Alex smiled for the first time. “Oh, the TV interview! It was absolutely wonderful. People all over the place are talking about it.”
Anna gulped. “They are? But it was a disaster!”
Alex leaned over and patted her shoulder. “Honey, there are no disasters as far as publicity is concerned. Sure, that Jed Whatever-His-Name-Is – and what a hunk he is, by the way – he made it look like your book was a sex manual. Copies are flying off the shelves!”
“But..but..he made me look like a..a..whore! I’m an academic, and this was a serious study…”
Alex sniffed. “Of course it was, dear. And people reading it will learn a lot. But you have to admit, if it had been published as written, as a thesis, would you be sitting here now, in one of New York’s best hotels, being pursued for interviews by some of the most influential media in the country, if not the world.”
Anna was silent.

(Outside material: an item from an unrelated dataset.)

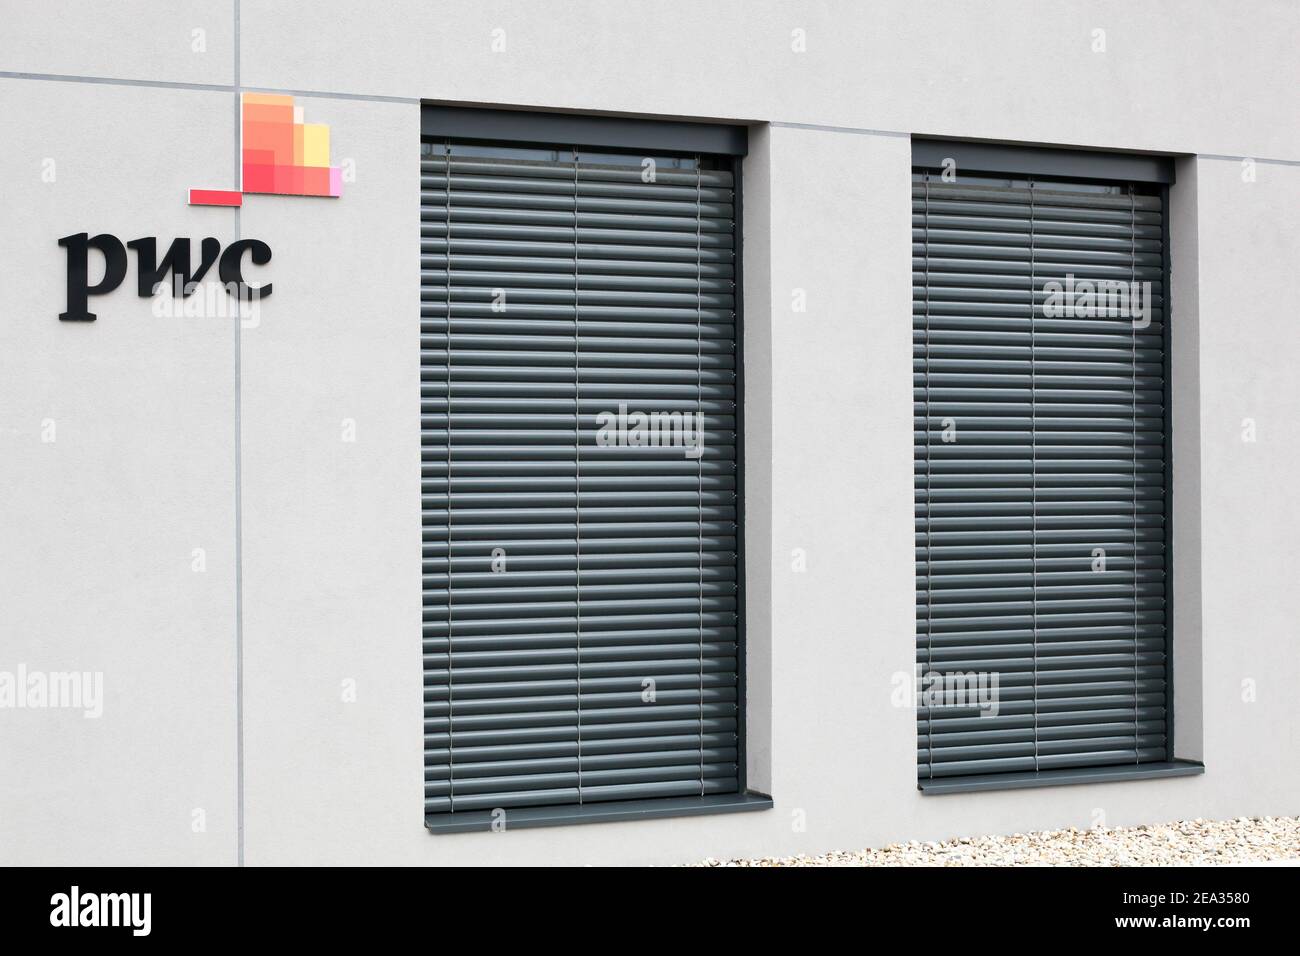 Bourg, France - 26 septembre 2020 : immeuble de bureaux PWC. PricewaterhouseCoopers est un réseau de services professionnels multinational. Banque D'Images

It was all true. Still, it pinched her academic soul a little to admit that the benefits – and the readership – of her sexed up sociology study meant way more for her than the dry-as-dust study she had written….
“So, anyway, what’s the gorgeous Jed Walker like in the flesh?”
Anna swallowed. Jed Walker in the flesh. Oh, my…
Alex laughed. “I can see by your expression that he made an impression on you that went way beyond his clever questions and sexy insinuations. And how clever of you to set up that little tête-à-tête with him, whisking him off to your high school reunion as if you didn’t know who he was. That was just so….” Alex gave her an admiring look. “Oh, don’t play the innocent with me – anyone with half a brain, watching that interview, could see there was something between you!”
Anna knew she was blushing. Jed had made her furious, humiliated her and yet...yet she still liked him. What was that all about?
Hiding behind her coffee cup, she schooled her expression into a relaxed demeanor, then asked: “So what did you want to talk about? You said you wanted to see me before I left for the
airport; you had bad news?”
Please don’t say you’re dumping me; please don’t say you’re dumping me. Although if the book is flying off the shelves, surely they wouldn’t?
Alex put down her coffee and turned so she was facing Anna. “You haven’t heard the weather forecast? “
“I walked a couple of blocks in the snow. It was coming down good and heavy and it was wonderful. Do you know how much I’ve missed a good snowstorm since I’ve been in England?”
Then it hit her. A good snowstorm. A couple of feet of snow. Traffic at a standstill. Everything closing down. Including the airport…
“Oh, no …surely it’s not bad enough to delay the flights…Why, it’s really only just started …” she said desperately.
“I’m afraid it is. This is just the beginning. The weather channel says it’s going to be a bad one. People are leaving work early to get home before the worst hits. Your flight isn’t until later this evening – and the airport has issued a call-before-you-come warning because they’re already cancelling flights.
“Don’t look so miserable. You just said you’ve been missing a good snowstorm?”
“Oh, Alex – I guess I was really looking forward to getting back home. I have a whole life on hold in Leeds, you know.” But even as she said the words, Anna knew they were hollow. She didn’t have a life on hold in Leeds, or anywhere else. Sure, she had some friends, mostly other academics – but the college was all they really had in common. Spending evenings drinking bad wine and complaining about job conditions, comparing notes on just how badly the students had behaved that day, and taking the piss out of the admin and senior college people – that wasn’t really a social life, was it?
Sure, too, she’d been lonely since Louis left her for a younger model. That had really hurt – they’d set up home together and talked about getting engaged ‘when the time was right’. The time had been right for her, but it never seemed to be right for Louis. And when he started to come home from meetings extra late, and take long phone calls in the evening behind the closed door of the spare bedroom that he used as a study – even innocent Anna began to suspect something was up.